The Difference Between Knowing and Understanding Spiritual Truth



If you grow up in a religious faith, you may learn things from a young age about the tenets of your faith. Also, if you are a seeker on a spiritual path, you may spend a great deal of time reading and studying about spirituality. This is how you acquire knowledge, and it can help you to further your spiritual journey.


However, there is another component to spiritual truth, which is understanding. Just because you know something, doesn't mean that you truly understand within your heart. In order to understand what you know, you have to apply it through practice. As you do, you will begin to understand the truths that you know in a different way.


According to Hannah To,

Knowing is having a ton of information. Understanding is connecting information.
Knowing is collecting facts. Understanding is being thrown a new, more revealing light on all the facts you know.

When you understand, there is a deeper spark within you than when you just know something. Both knowledge and understanding are useful. However, understanding requires going deeper within yourself to put information together, and to critically analyze and synthesize the things that you know.


Knowledge is the basis of understanding.


It is like the difference between being 'street smart' and 'book smart.' One comes from your own experiences in life, and the other comes from learning from the work of others in the past. Both are useful and have their place, however they have the greatest power when they are combined.

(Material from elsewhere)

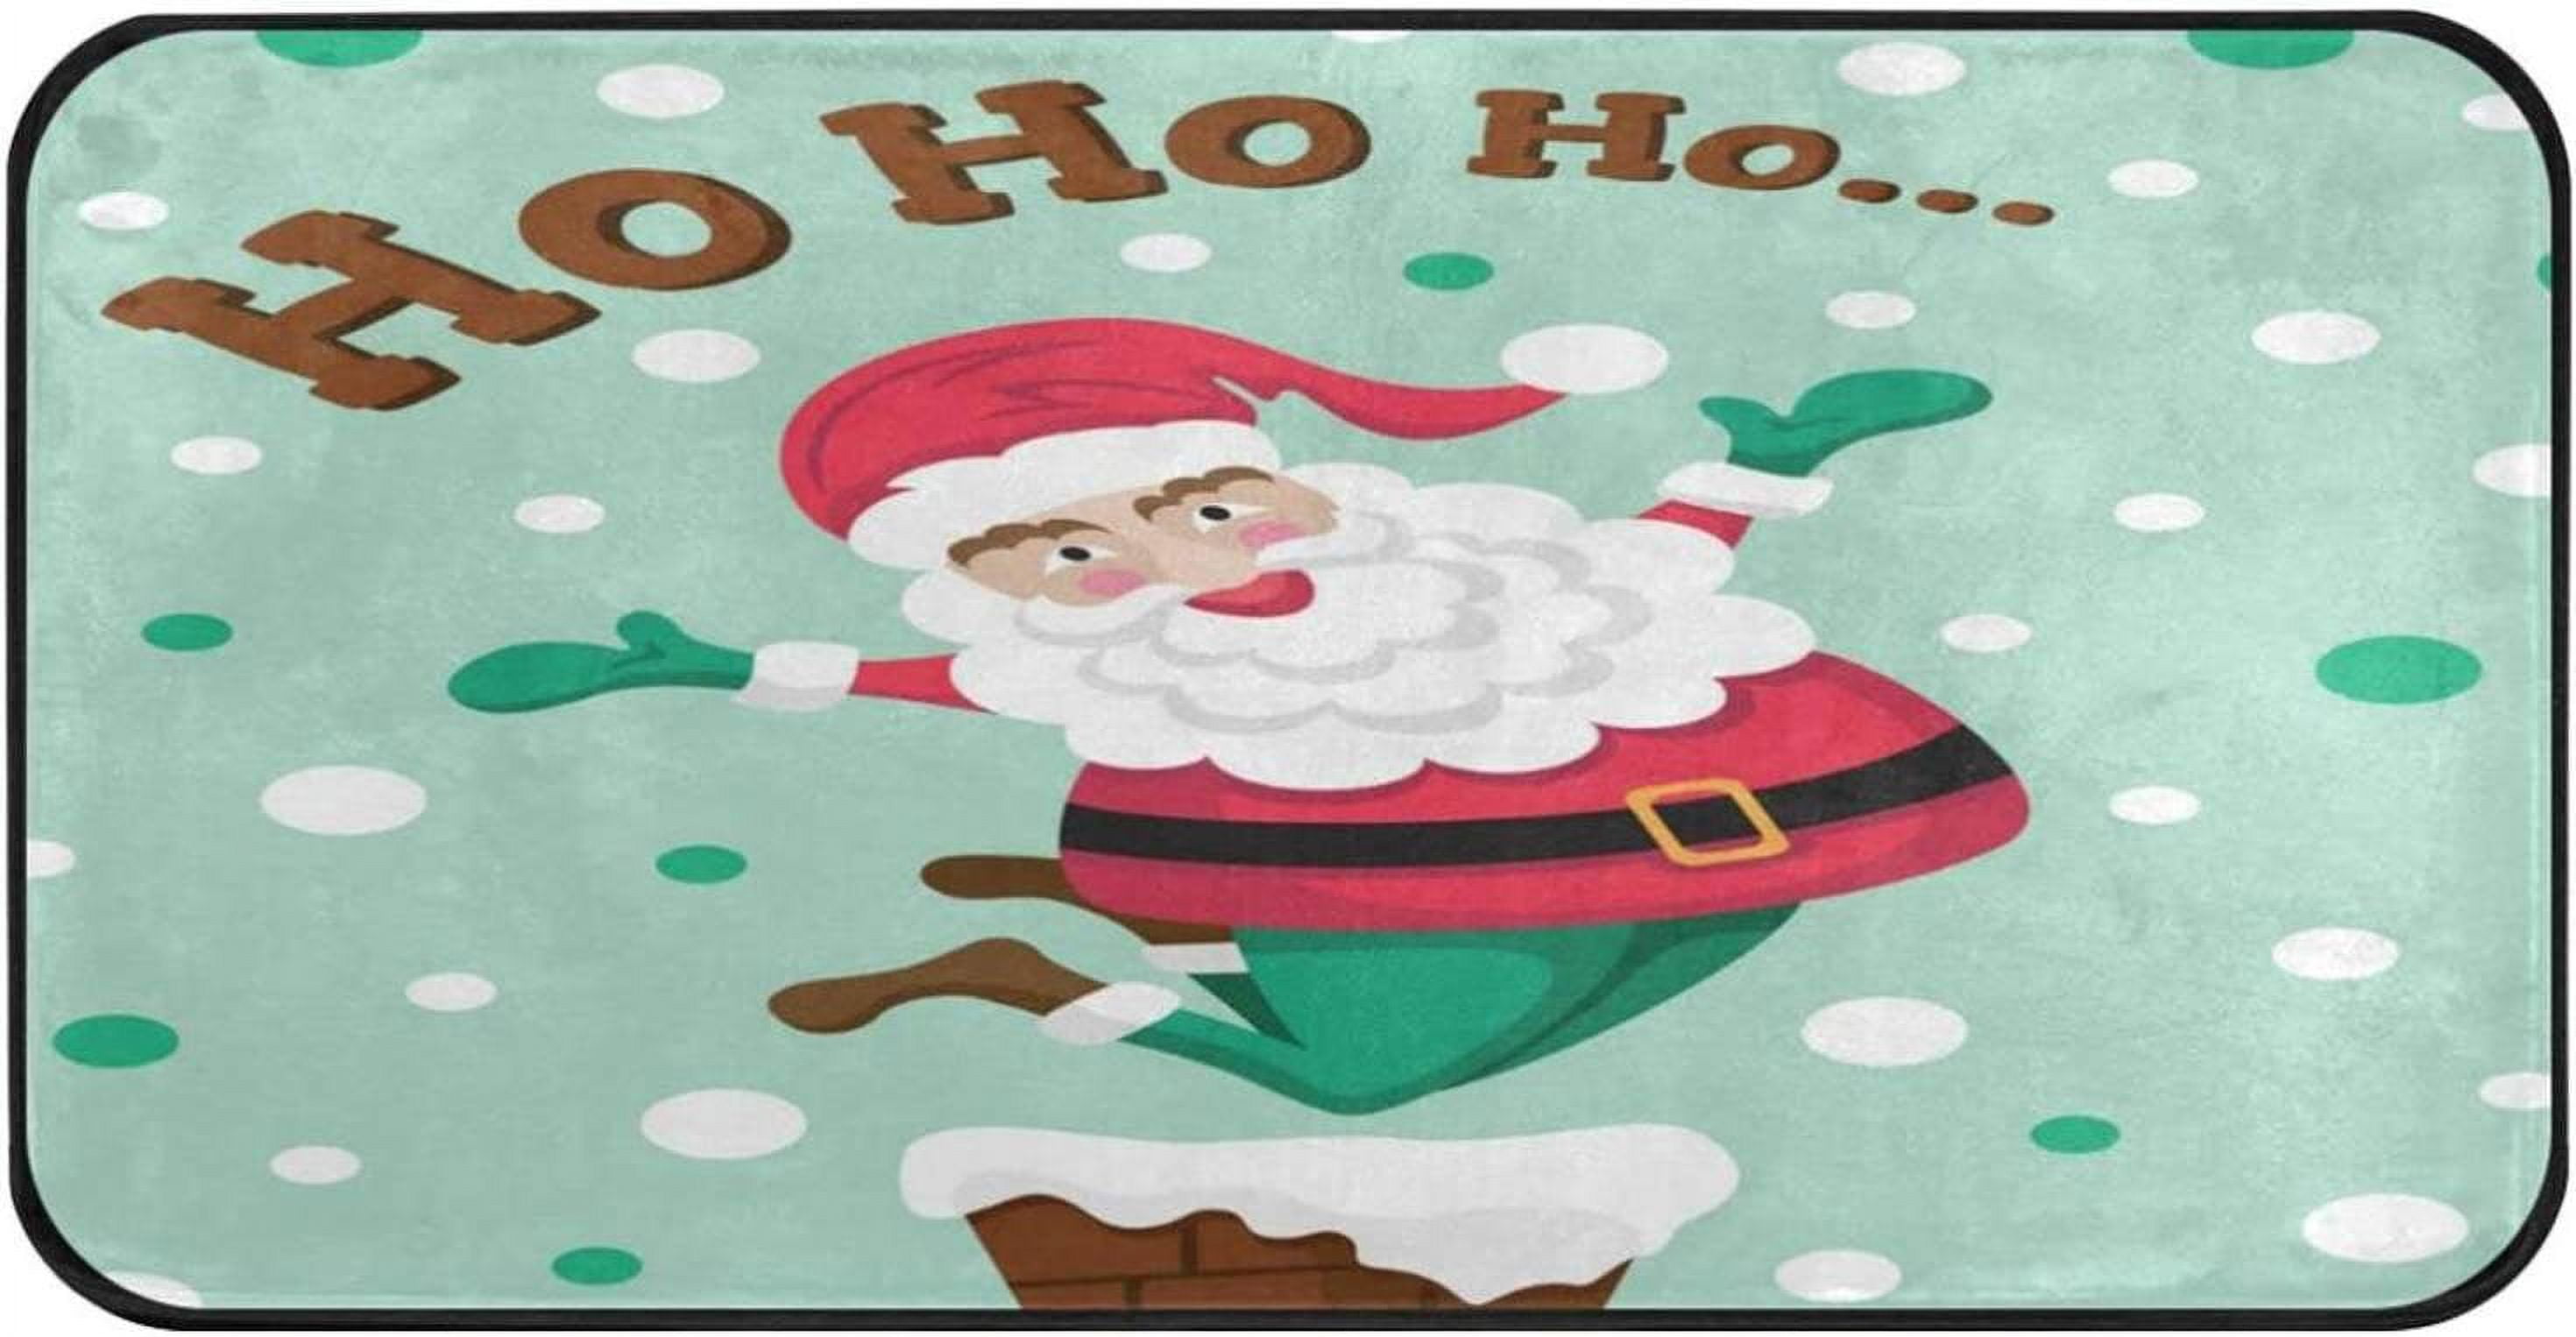  Christmas Santa Claus Hohoho Kitchen Sponges Winter

This is why it is good to study as much as you can from texts, but also to experience as much as you can in life. When it comes to spirituality, you can come to experience of your faith through practices like mindfulness, meditation, yoga, prayer, journaling, practicing gratitude and other similar things.


Combining practice with study can greatly enhance your level of knowledge, understanding, and a greater spiritual realization. Also, as you practice more, it is good to reread some of the same books that you have read in the past. They may speak to you in a different way as your spiritual practice takes you deeper into yourself and your soul.

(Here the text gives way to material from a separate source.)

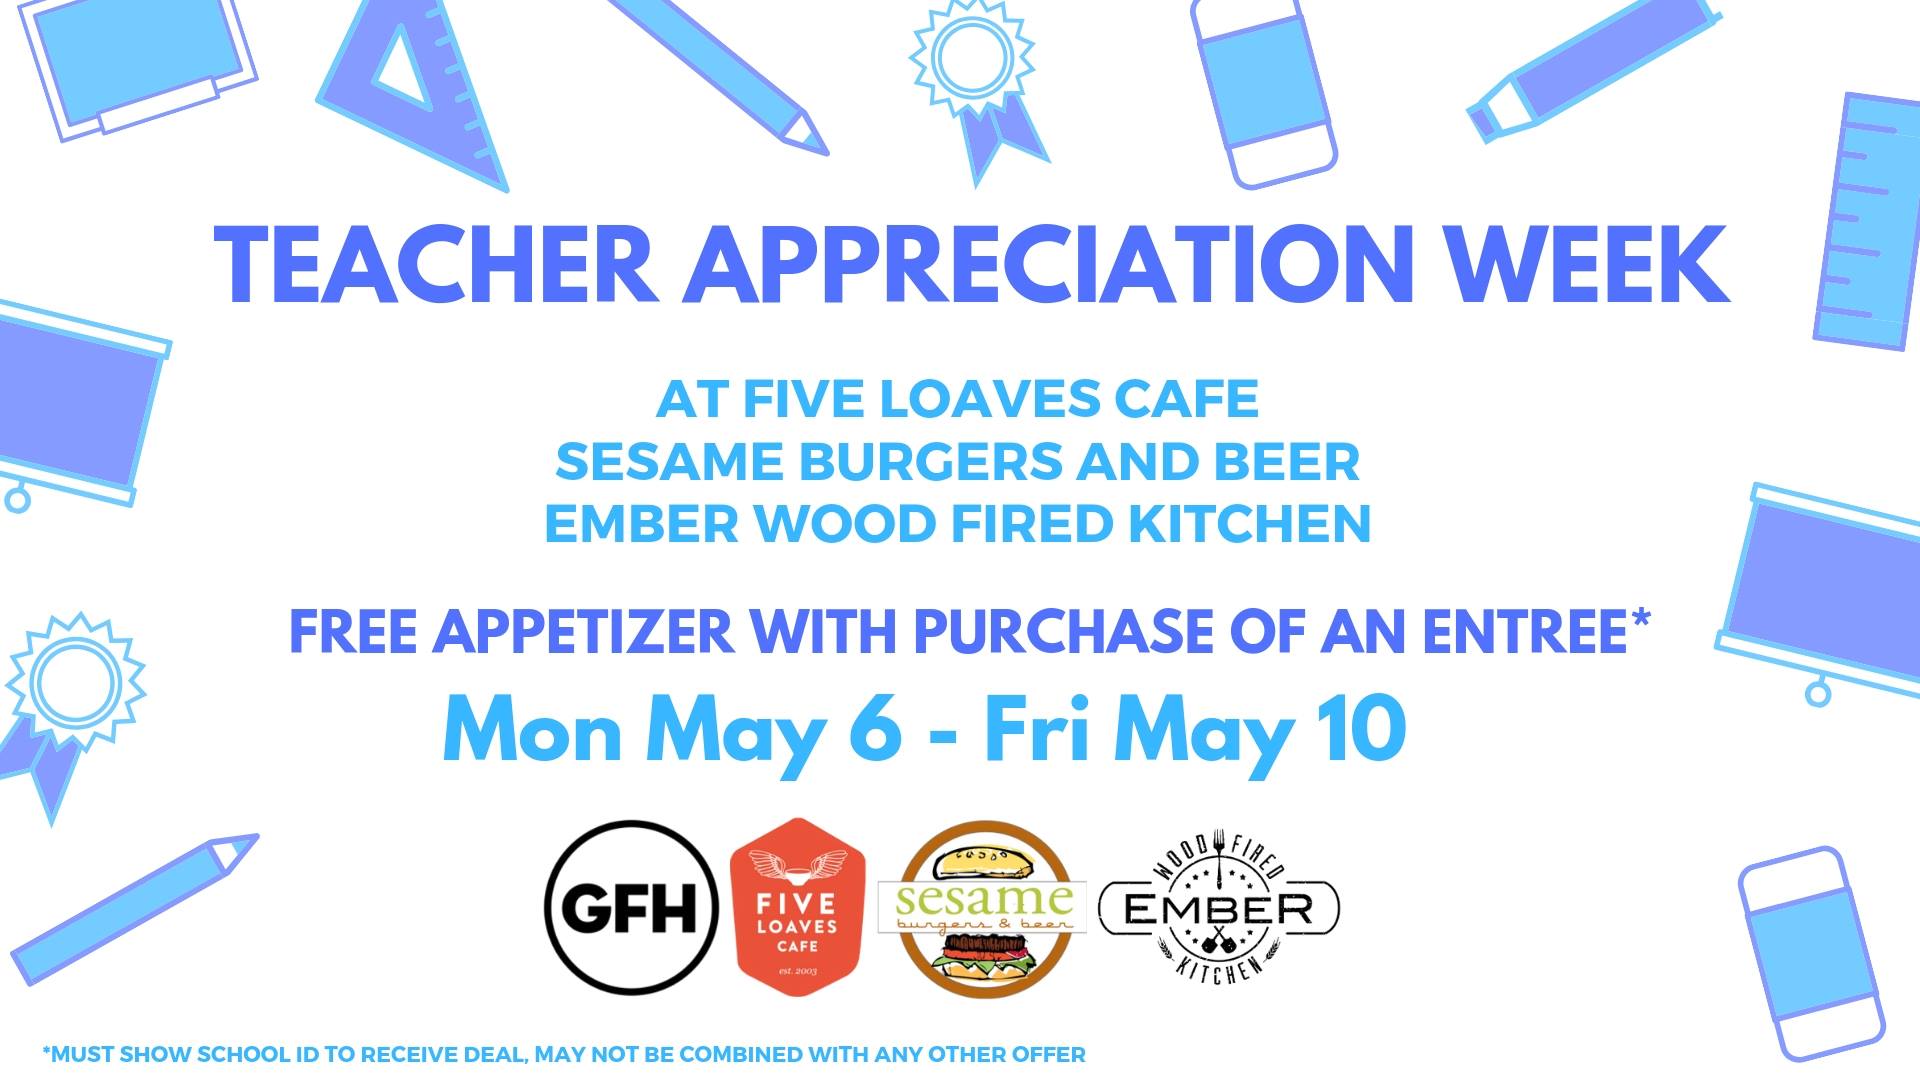 Teacher Appreciation Week at Five Loaves Cafe / Sesame Burger

If you look at the great spiritual teachers throughout history - like Jesus, Muhammad, Buddha or Lao Tsu - you will probably see that they all spent time in quiet contemplation to understand their soul's journey. Contemplation, much like meditation, can lead to a deeper spiritual understanding.

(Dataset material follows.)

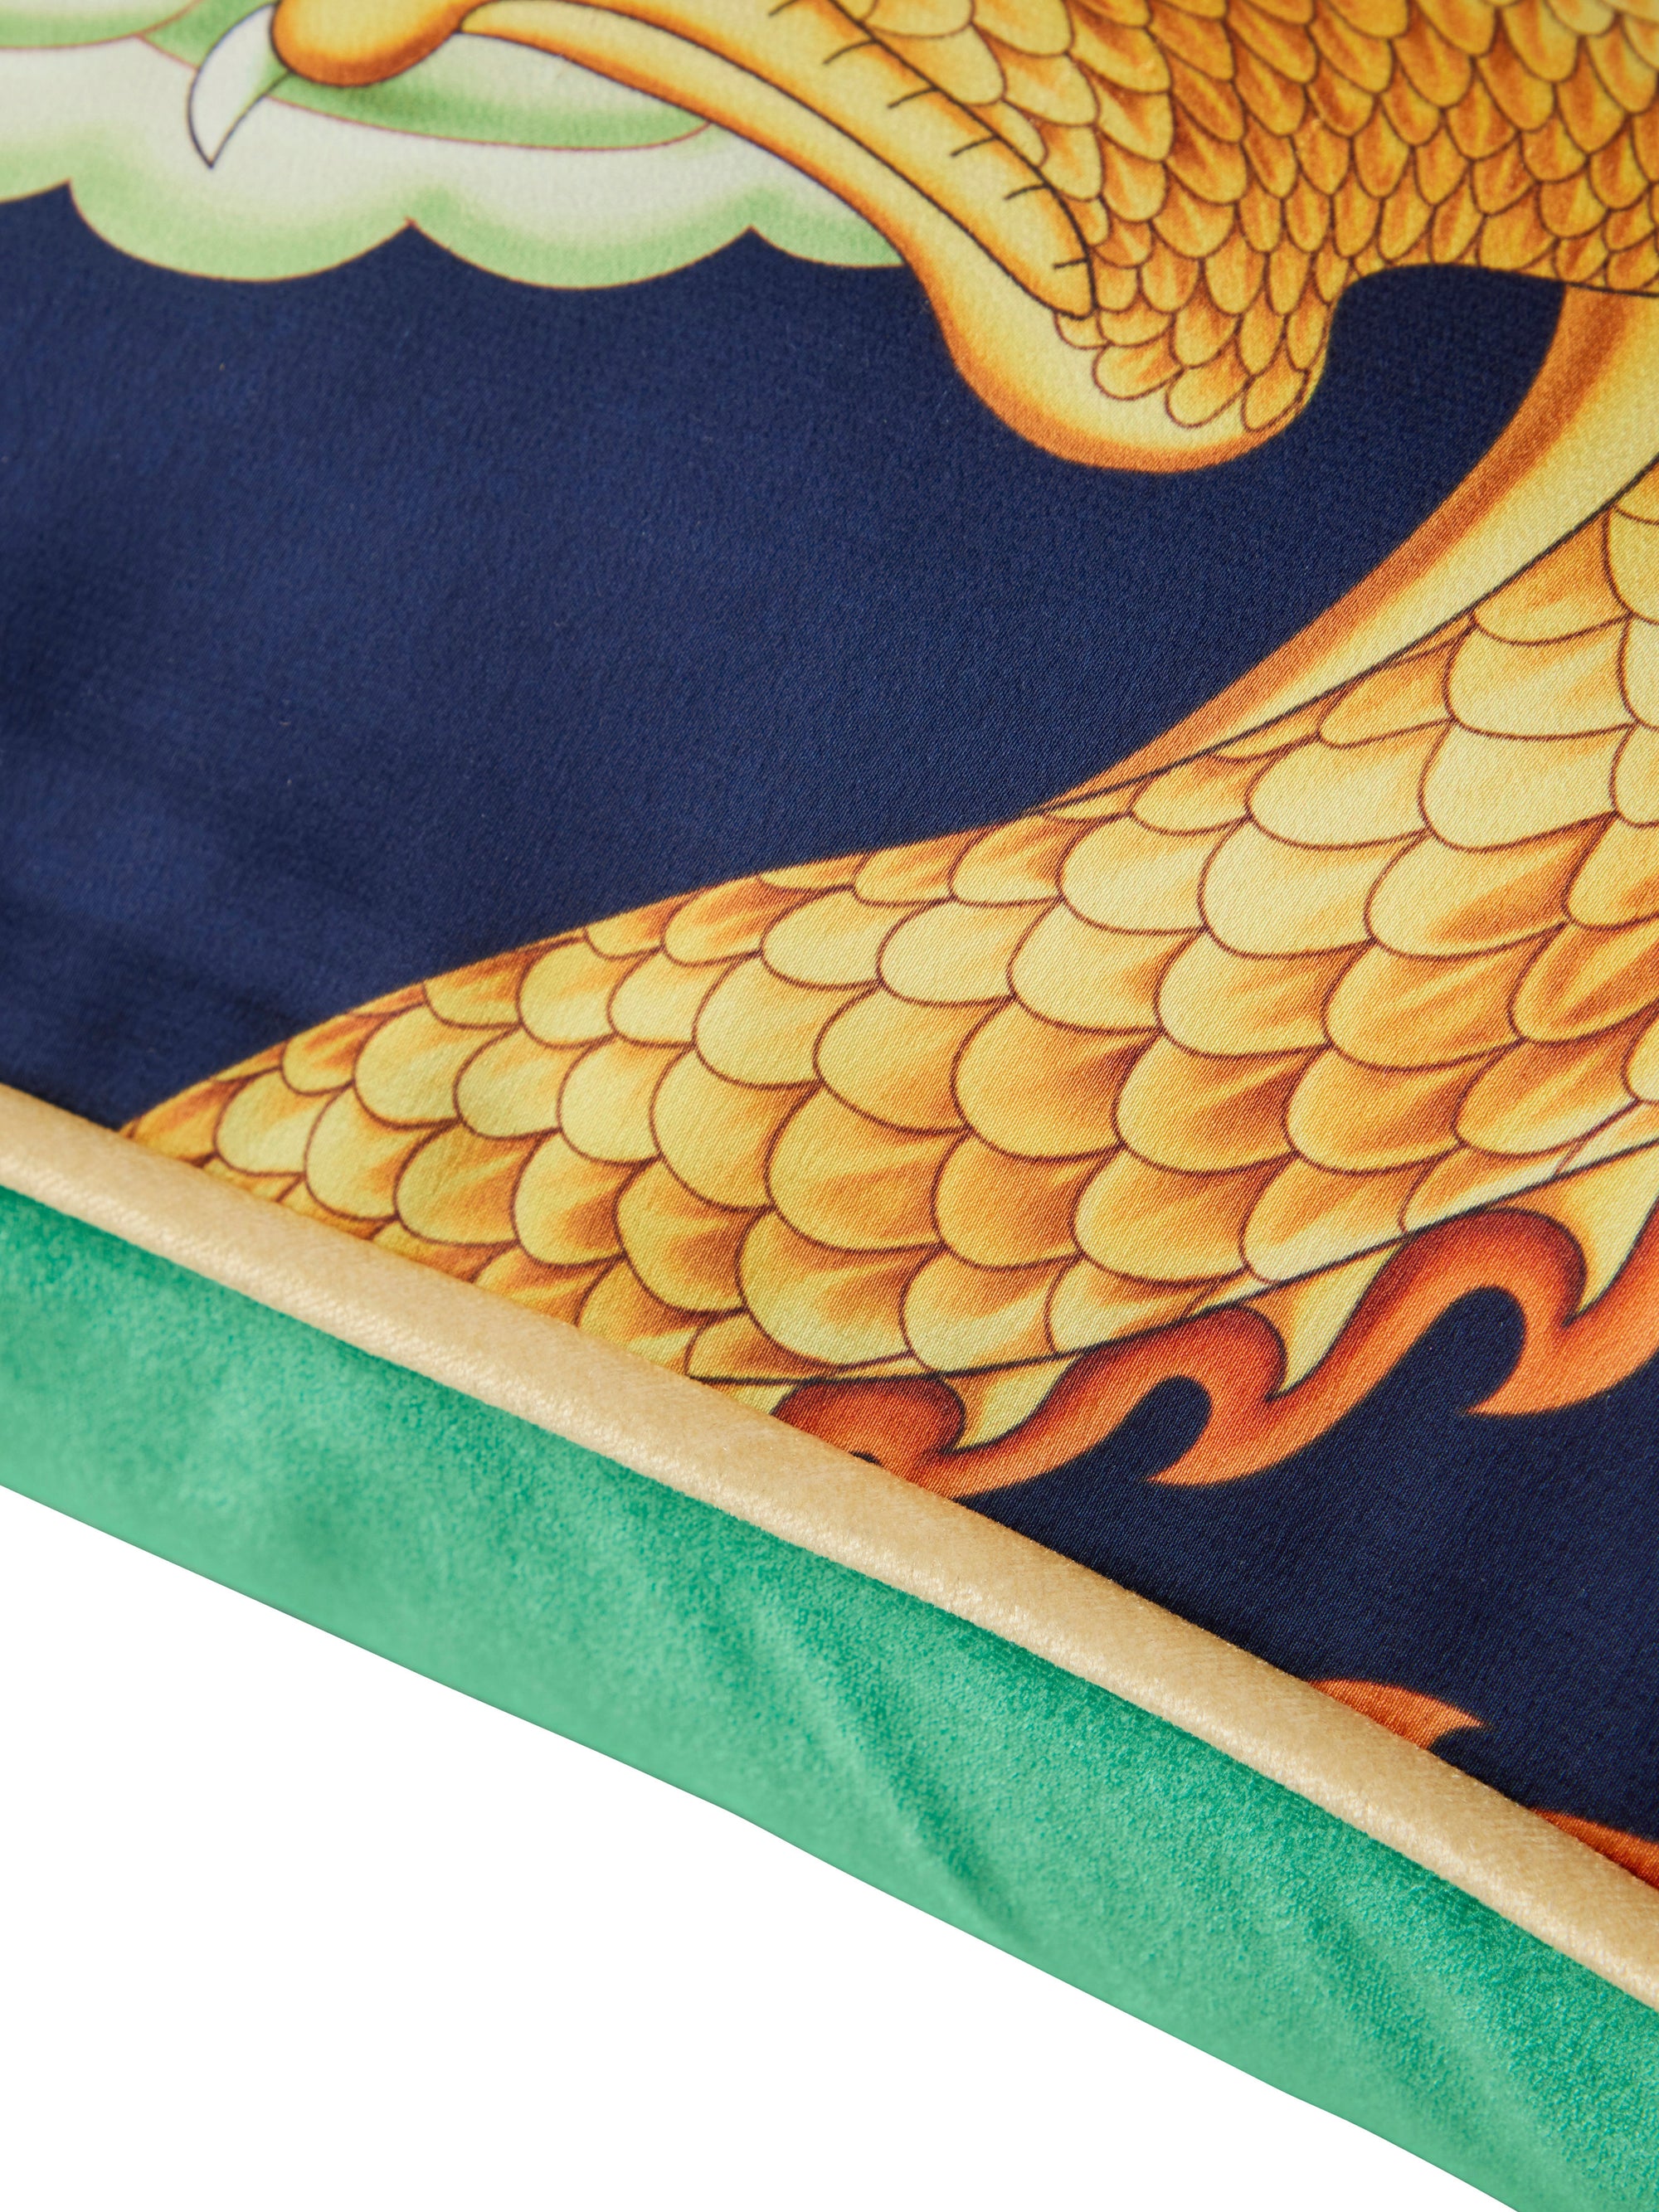 pillowcase, dragon blue

In the Buddhist traditions, for example, contemplative practices were already well known in northern India when the historical Buddha, Siddhartha Gautama, was born. Throughout his spiritual quest, Siddhartha Gautama practiced with several contemplative teachers. Ultimately, he found answers to his questions only after he sat beneath a tree and resolved to meditate until insight dawned. This is when he became the Buddha or “Awakened One,” thereafter teaching others what he had realized through his meditation. Thus, contemplative practice remains central to Buddhism.
It is worth saying that, even so, not all Buddhists meditate. For some, chanting and devotional practices are far more important. However, that, too, can be a form of contemplation because the category is so broad. Likewise, in Christian traditions, contemplative prayer is more common than meditation. St. Ignatius’s spiritual exercises for the Jesuit order are all contemplative practices. Hindu, Muslim, Jewish, Pagan, and other traditions all have their own well-developed contemplative practices.

By practicing quiet contemplation in the context of your faith, you can deepen your spiritual connection with the divine. This can help you to develop a deep understanding of the tenets of your religion, and to learn about your faith through experience.


As you spend more and more time this way, you develop a greater spiritual understanding. With this understanding, comes awakening to the deeper truth of all that exists, and a sense of harmony with other living beings on this planet, and even with the earth itself.


Our spirituality is constantly unfolding, and we are constantly achieving a deeper spirituality within ourselves as we continue to both study and practice our faith on a daily basis.